The Wave () is a 2015 Norwegian disaster film directed by Roar Uthaug. It was Norway's official submission for the Academy Award for Best Foreign Language Film at the 88th Academy Awards but failed to be nominated. The movie depicts the Åkerneset crevice collapsing in Møre og Romsdal, creating an avalanche resulting in an  tall tsunami that destroys everything in its path. A sequel titled The Quake (), directed by John Andreas Andersen, was released on 31 August 2018. The third installment The Burning Sea was released 25 February 2022.

Plot

Geologist Kristian Eikjord is working his final day in the Norwegian tourist destination Geiranger before moving to Stavanger with his family, when sensors on the mountain indicate groundwater has disappeared. Later, waiting for the ferry with his children while his wife Idun works a few more days at the hotel, Kristian has an epiphany and rushes back to the geology center, leaving his children Sondre and Julia in the car. He and Jacob find the sensor wires have snapped due to the movements inside the mountain. Kristian's former boss Arvid agrees to enter a higher state of alert, but not to sound the evacuation alarm due to being mid tourist season.

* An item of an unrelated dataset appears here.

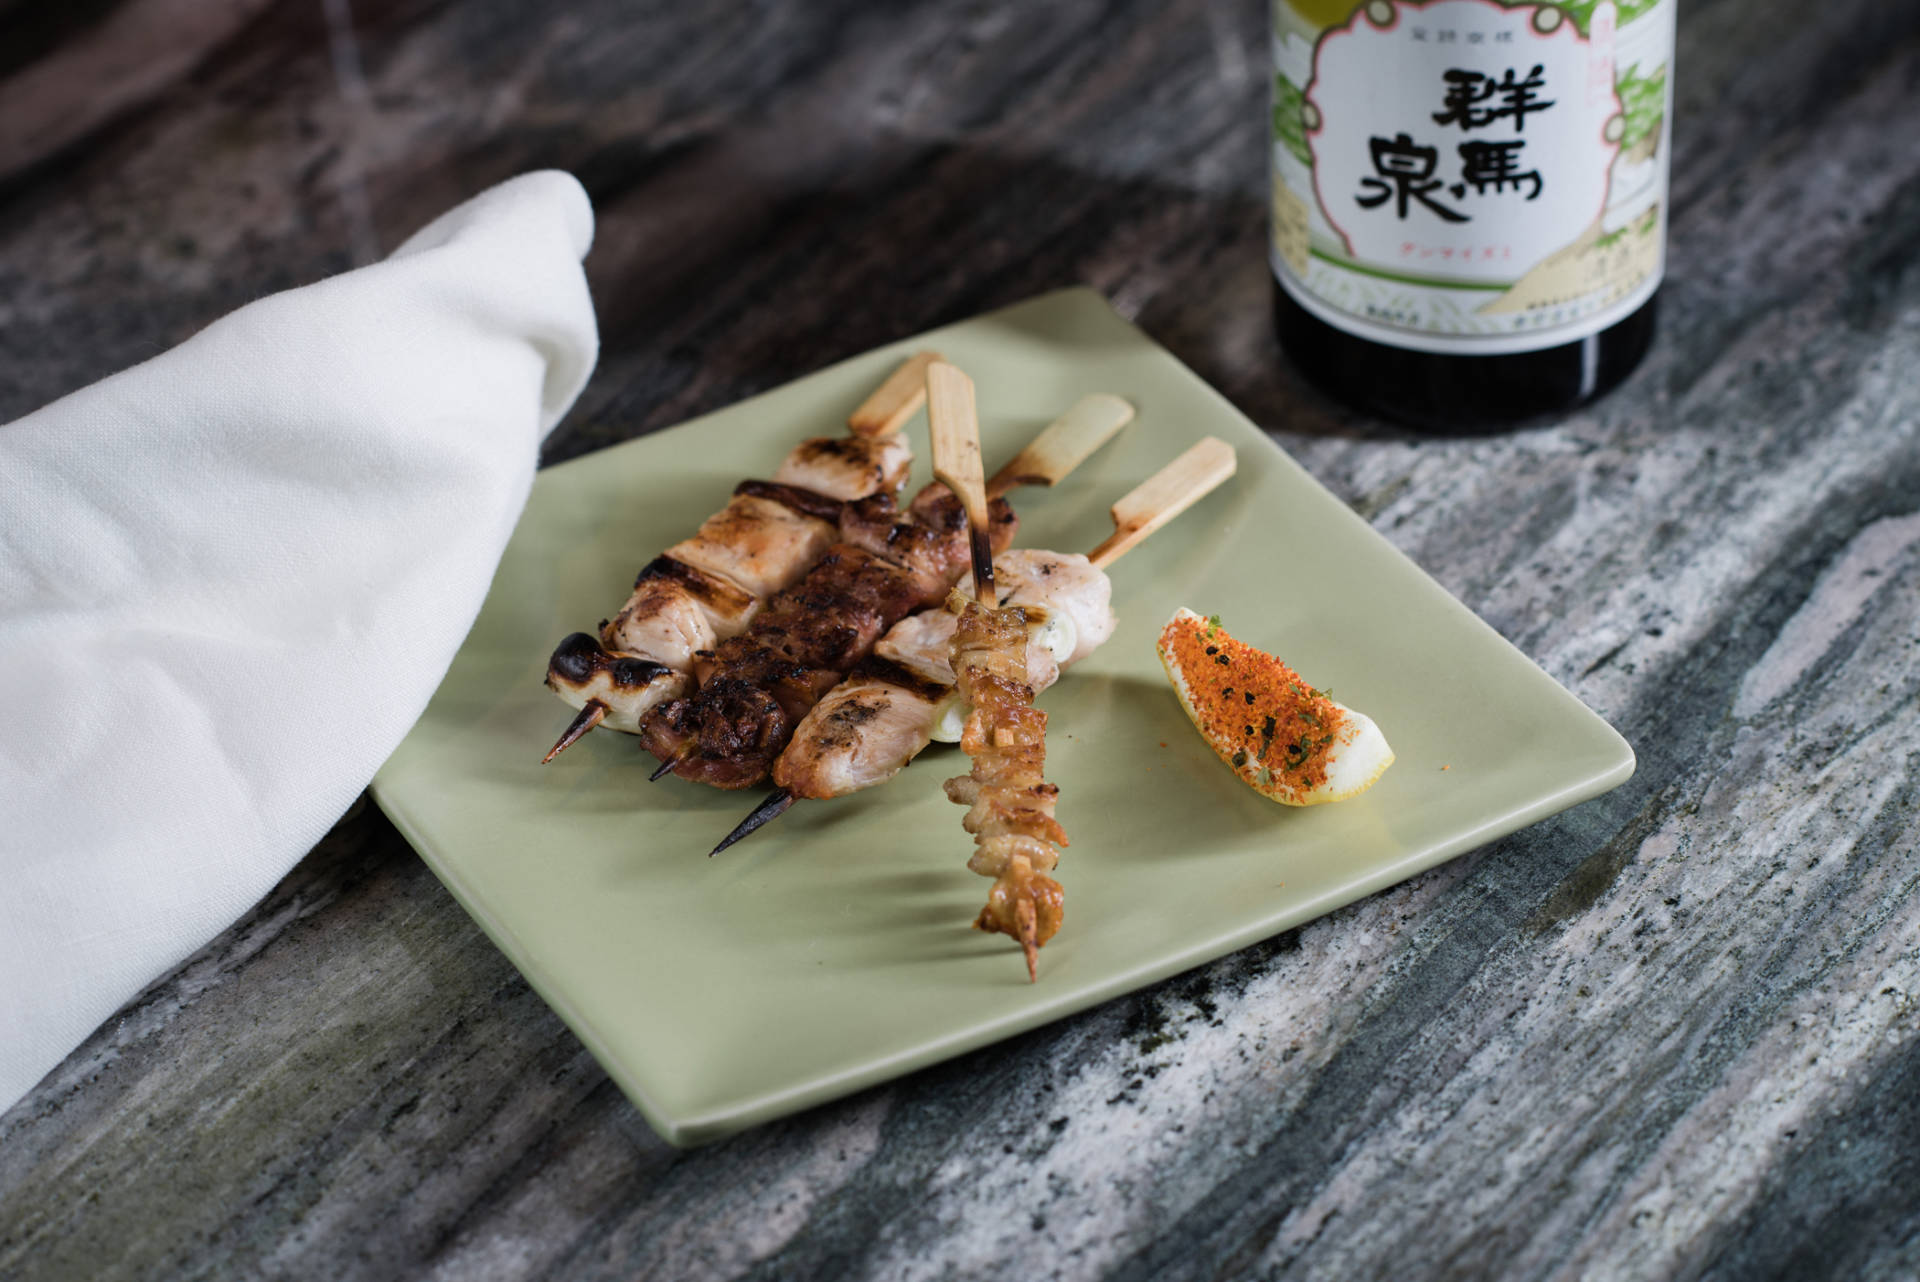 Get a taste of yakitori from chef Curtis DiFede at Miminashi in Napa.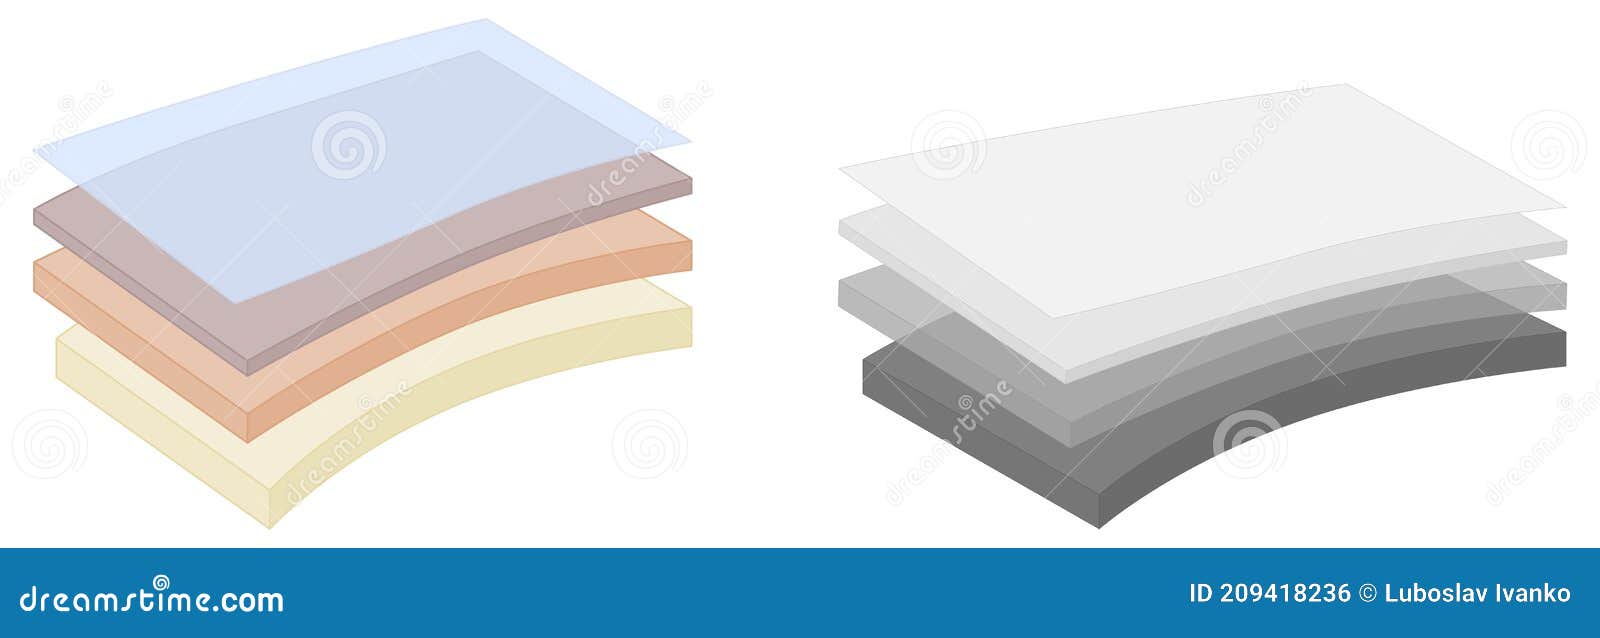 Opaque Material Stock Illustrations 113 Opaque Material Stock Illustrations Vectors Clipart Dreamstime

Kristian finds the children have gone to the hotel. Julia wants to say goodbye to their house so Kristian drives with her to stay there one last night. Sondre heads down to the basement of the hotel with headphones to skateboard.

Arvid and Jacob check instrument readings and find them accurate, not a malfunction. Kristian reviews old documents suggesting the readings of contractions in the mountain do indicate the upcoming avalanche. He calls the station and orders the immediate evacuation of Arvid and Jacob from the crevice, and to sound the tsunami alarms for the residents of Geiranger. Moments later the avalanche happens. Arvid sacrifices himself when Jacob's foot becomes trapped, linking Jacob to their zip-line and falling to his death shortly after. The rockslide crashes into the fjord creating a gigantic tsunami  high roaring towards Geiranger.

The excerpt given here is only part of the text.